* **Exercise objective**
Please set down exactly the lines from the one containing "Following the Path" through the last line of the records below, both included, with no pictures.

* **The data**
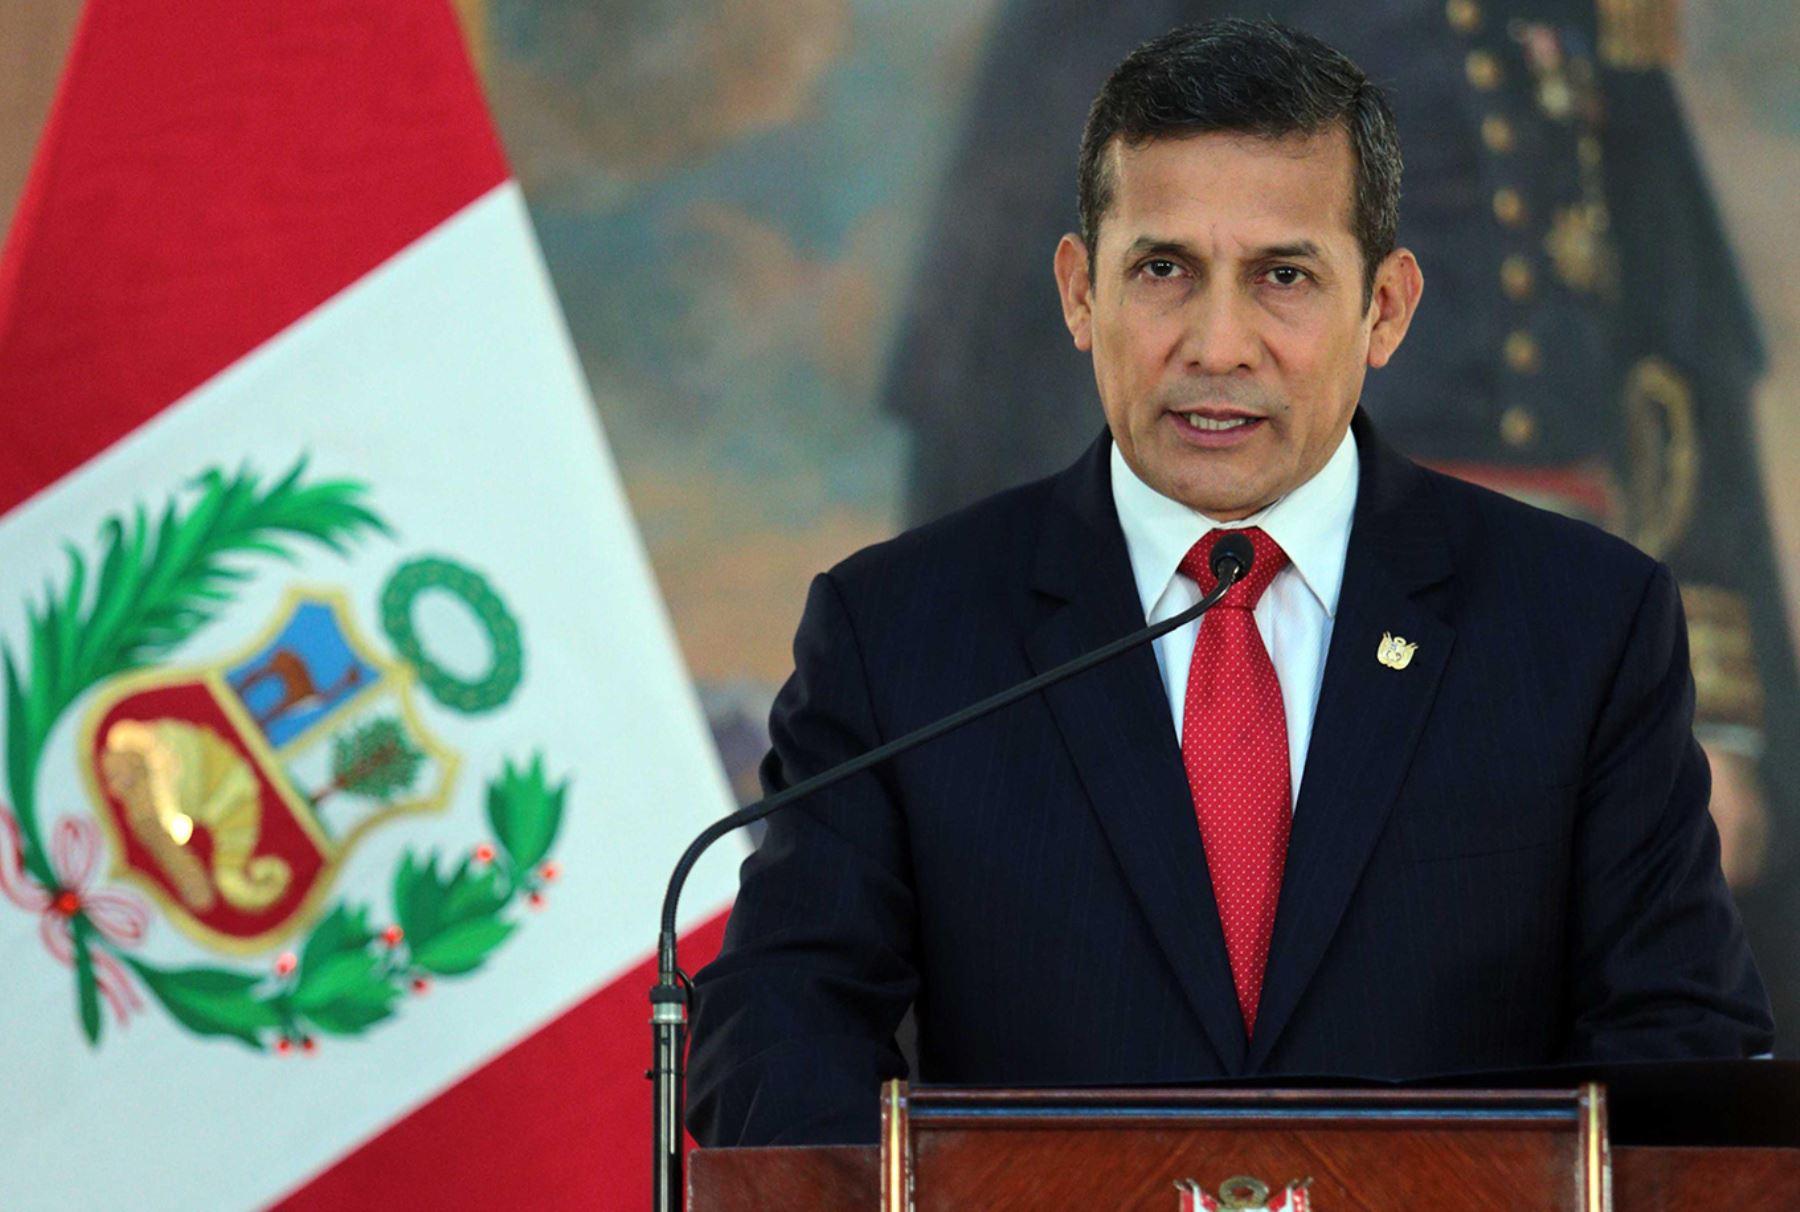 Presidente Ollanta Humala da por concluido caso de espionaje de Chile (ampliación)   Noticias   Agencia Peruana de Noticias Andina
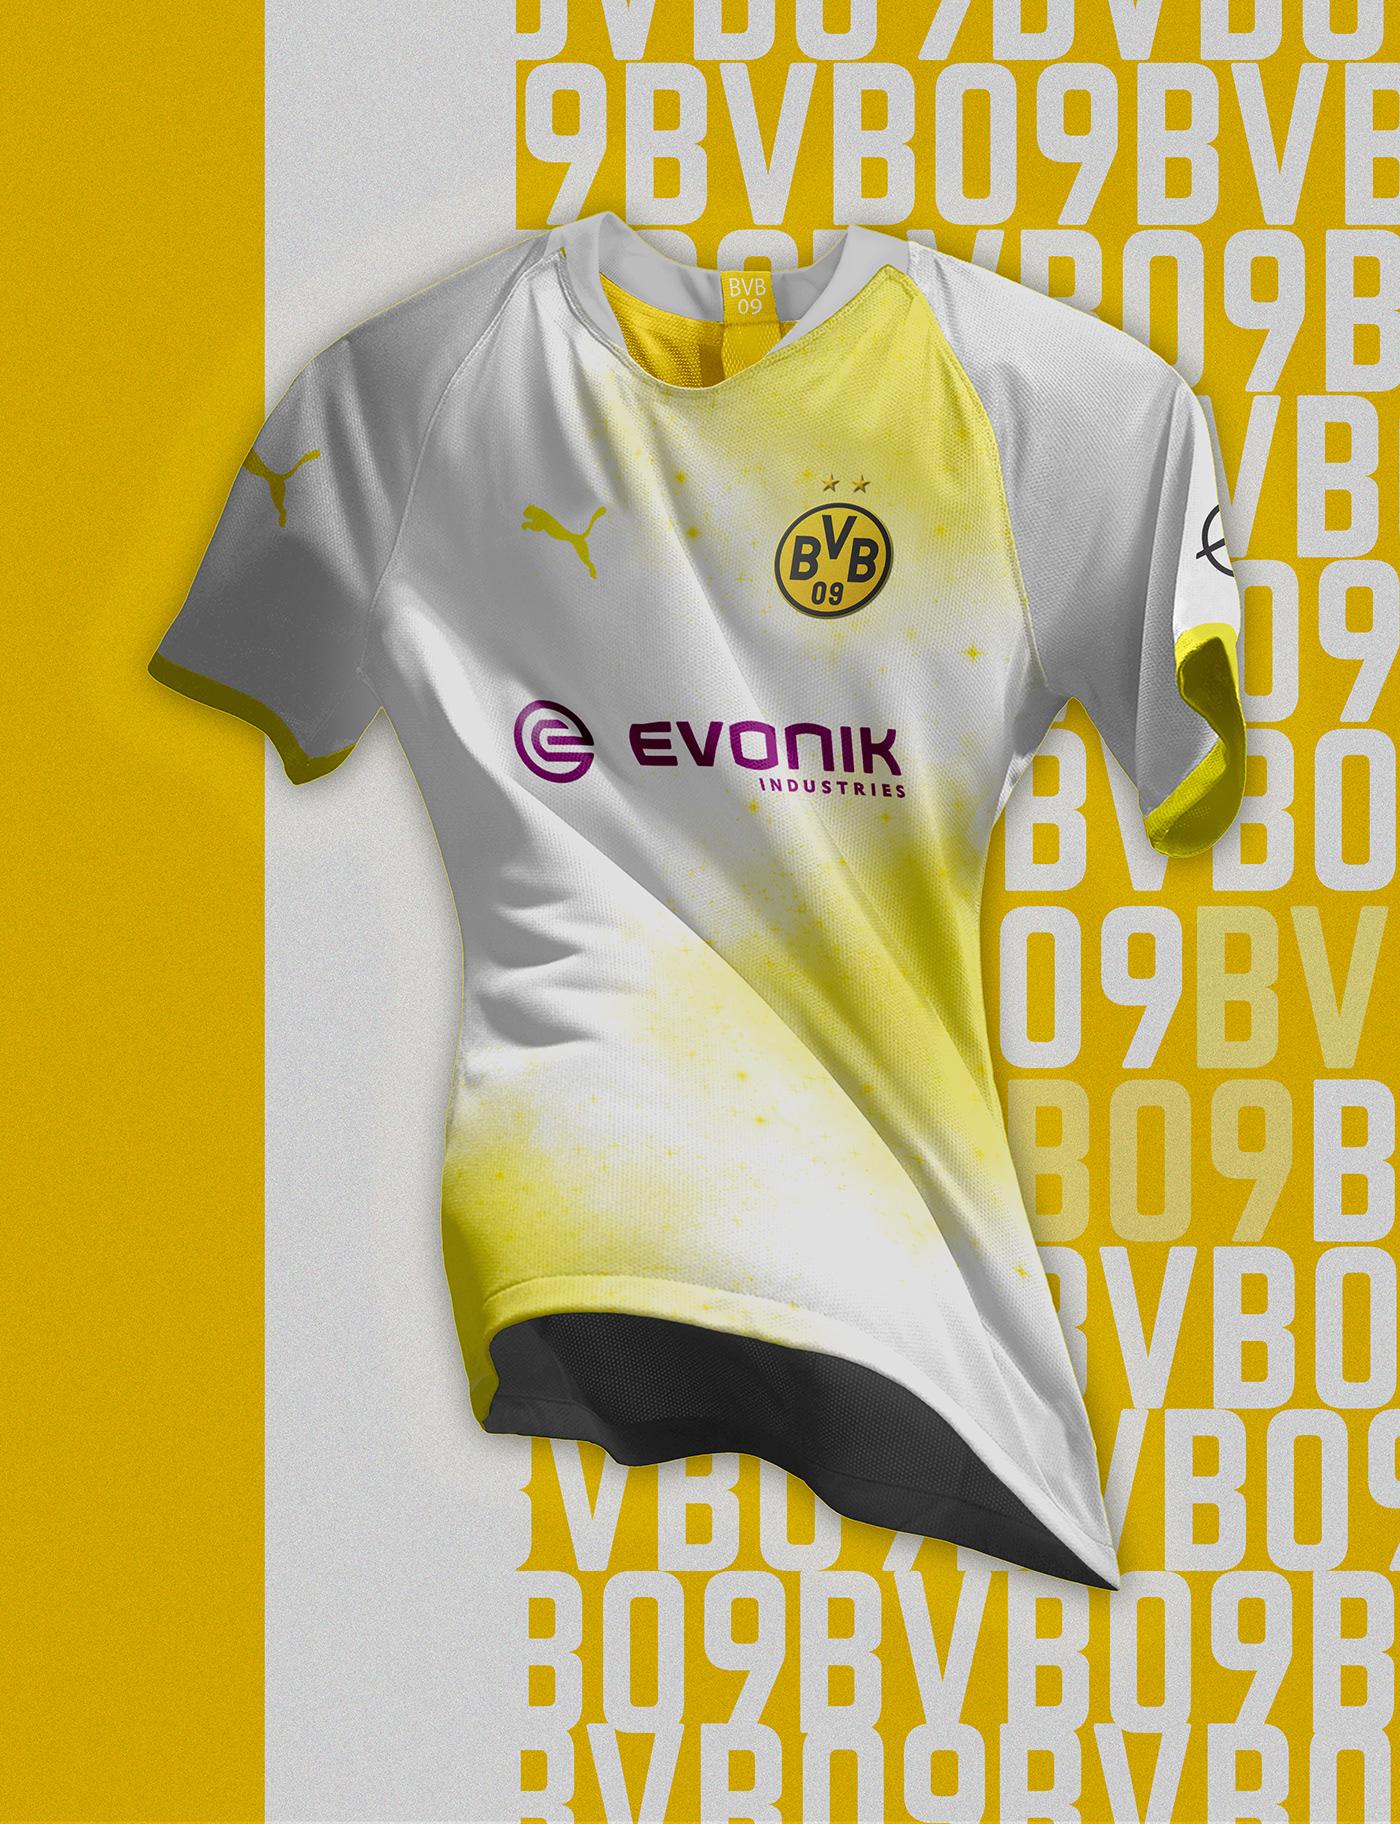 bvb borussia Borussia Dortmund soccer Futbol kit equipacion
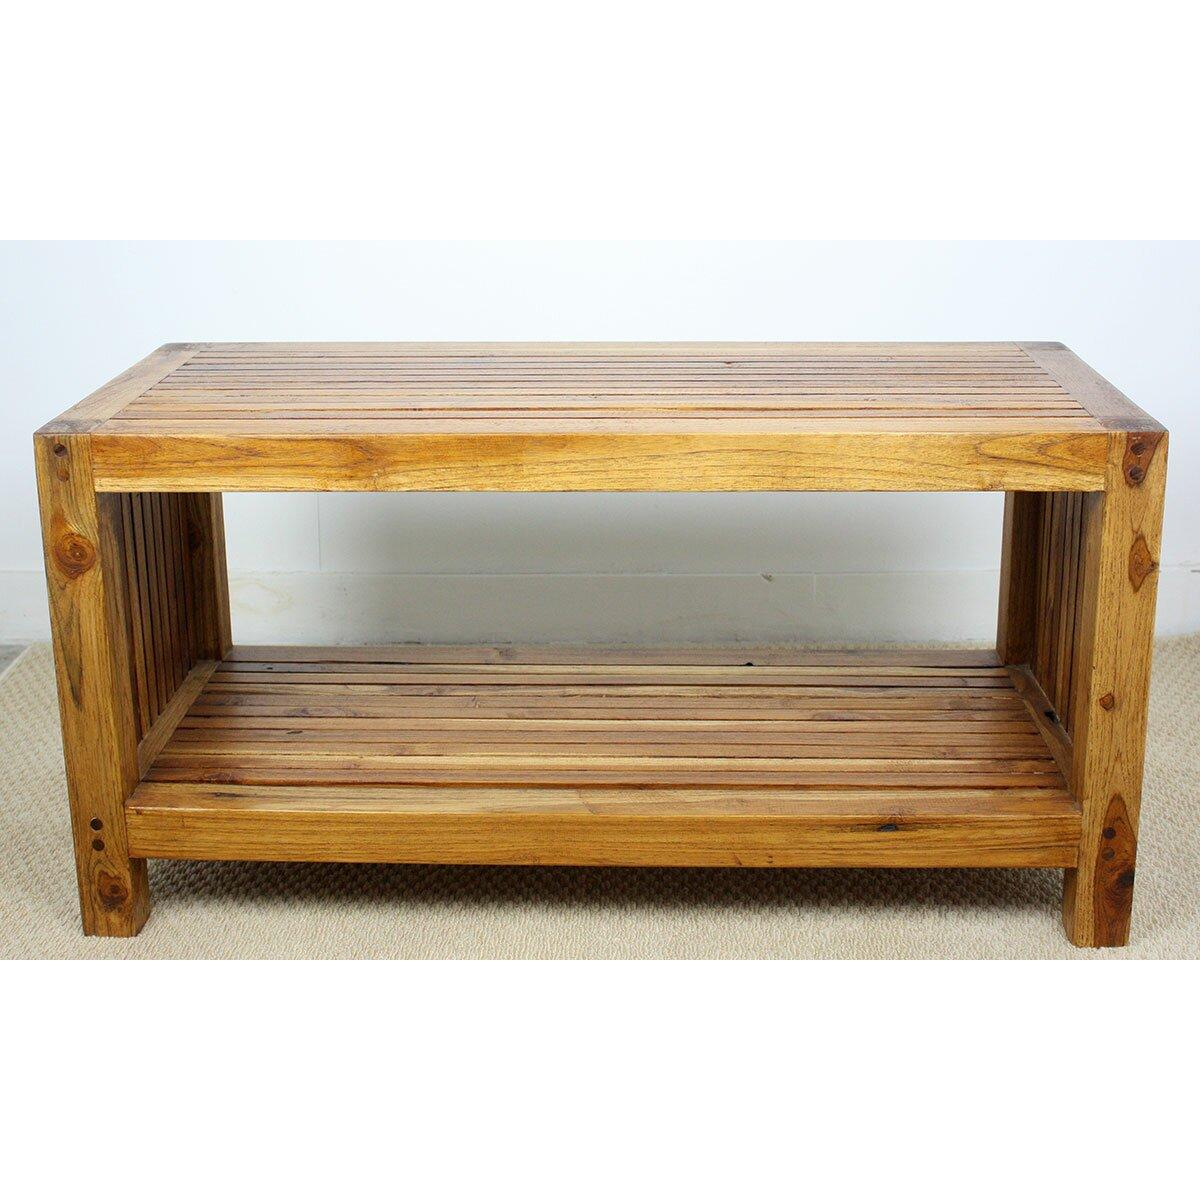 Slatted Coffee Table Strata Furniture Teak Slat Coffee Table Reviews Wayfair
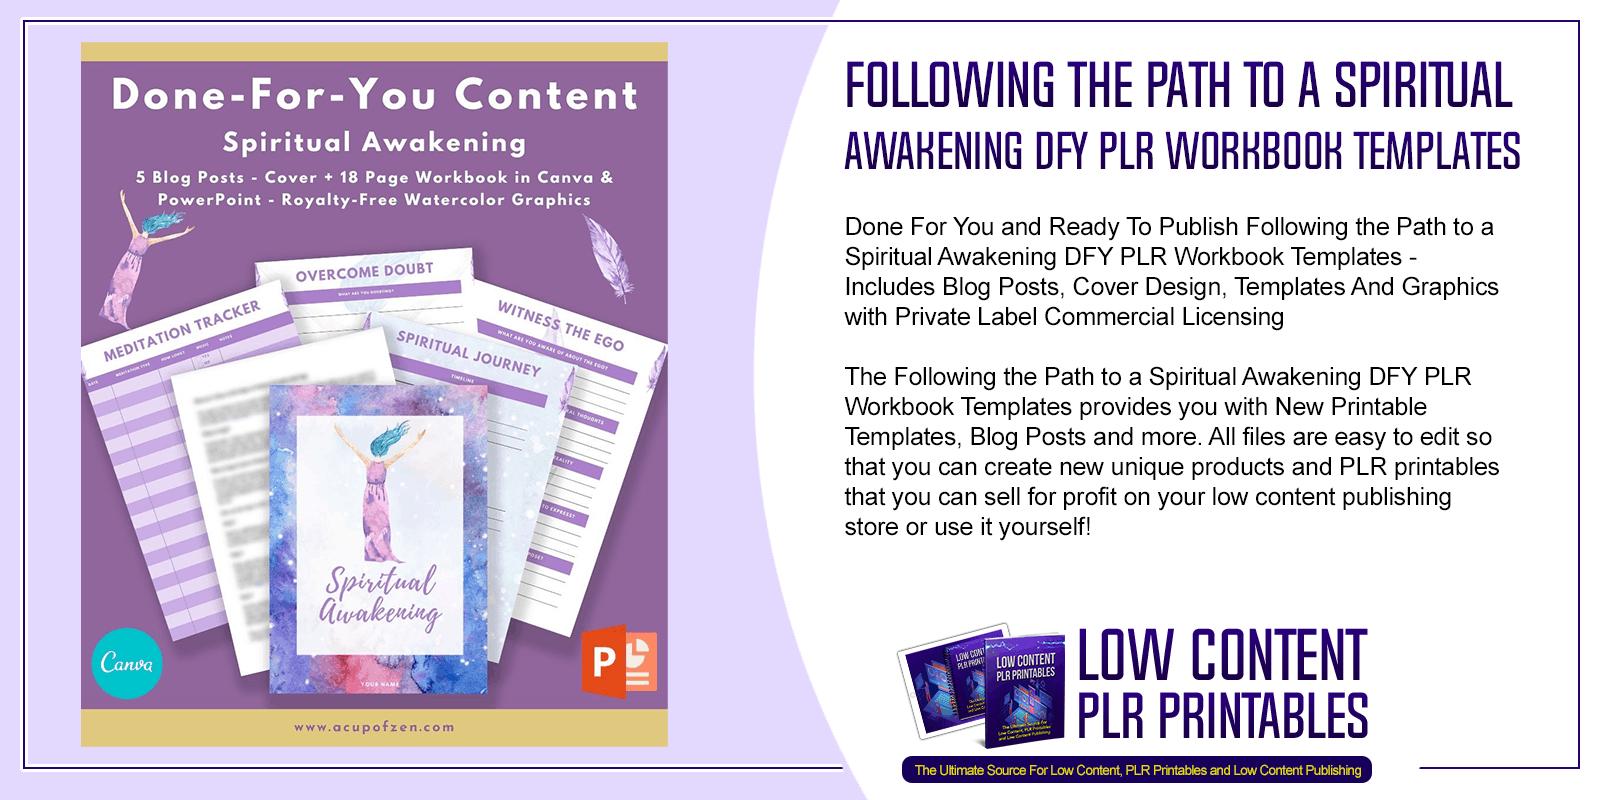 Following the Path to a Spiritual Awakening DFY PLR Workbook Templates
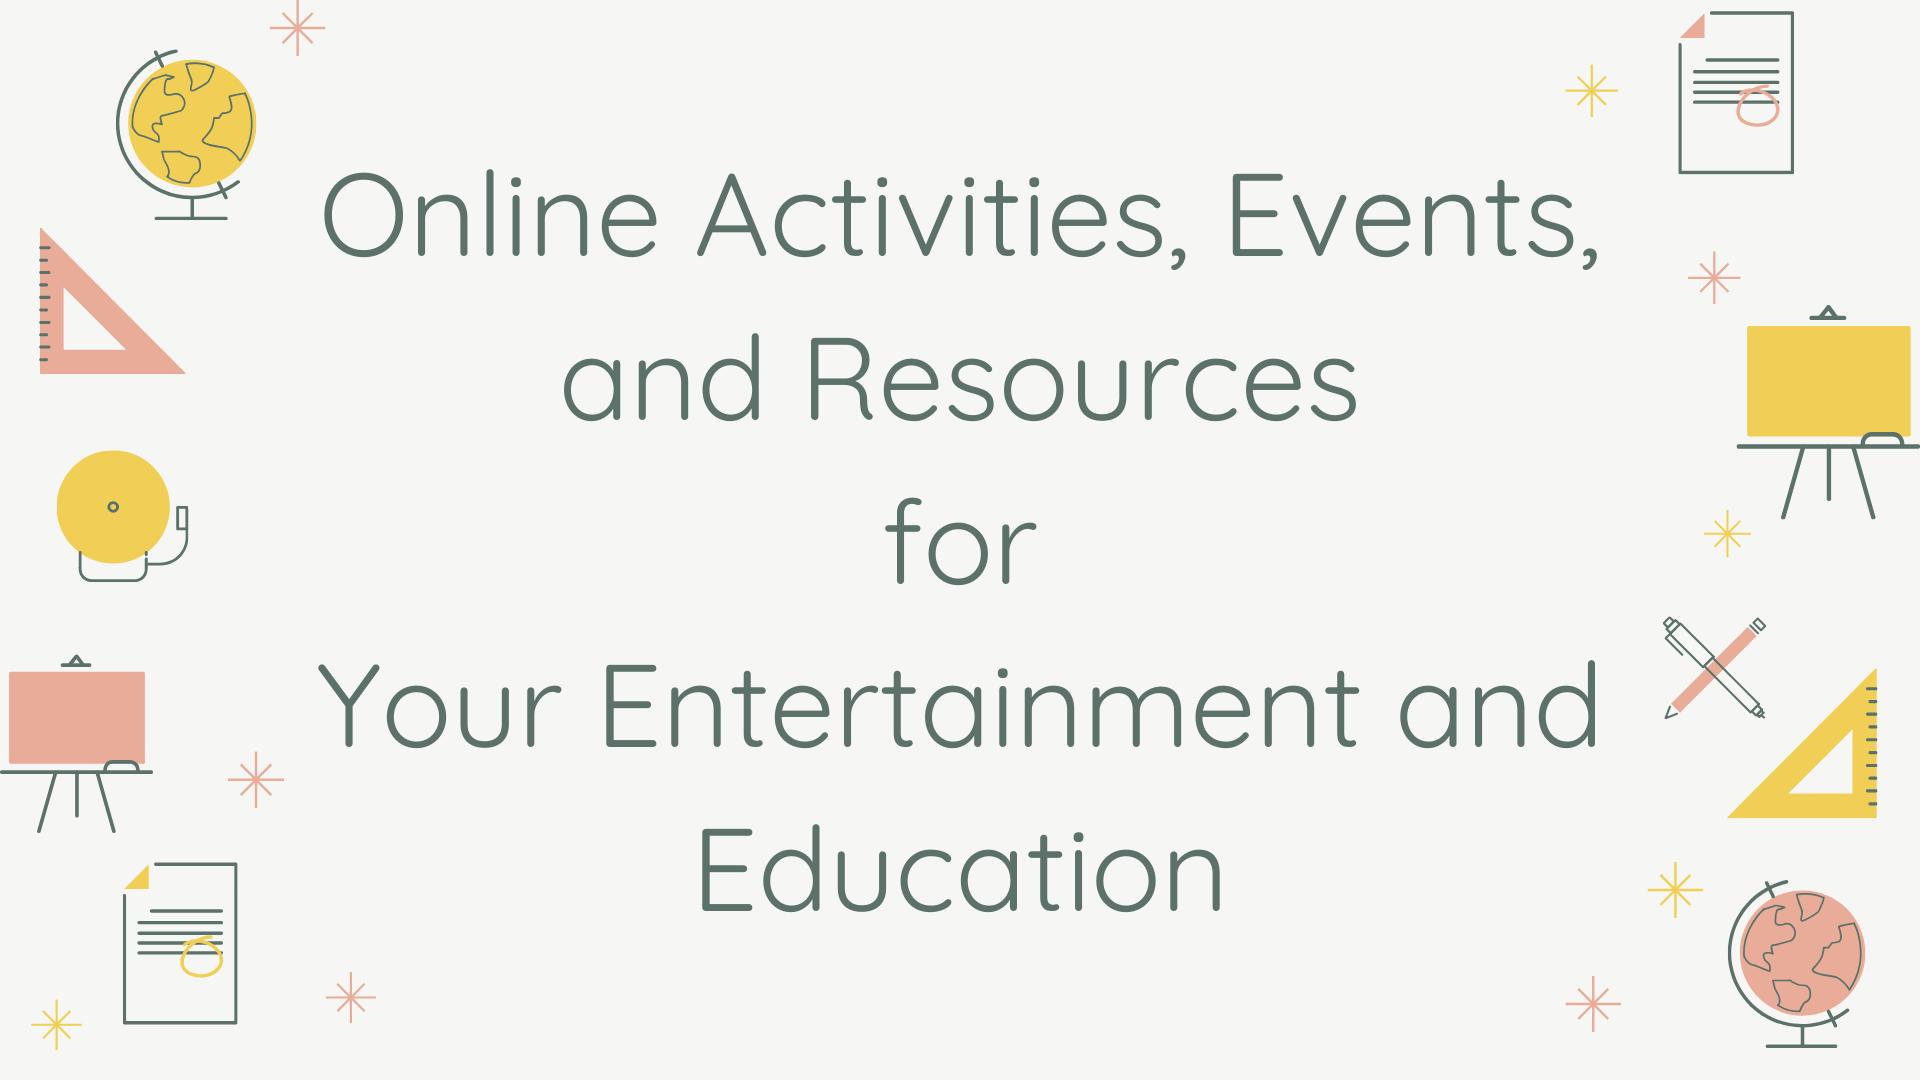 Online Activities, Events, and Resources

* **Your response**
 Following the Path to a Spiritual Awakening DFY PLR Workbook Templates
 Online Activities, Events, and Resources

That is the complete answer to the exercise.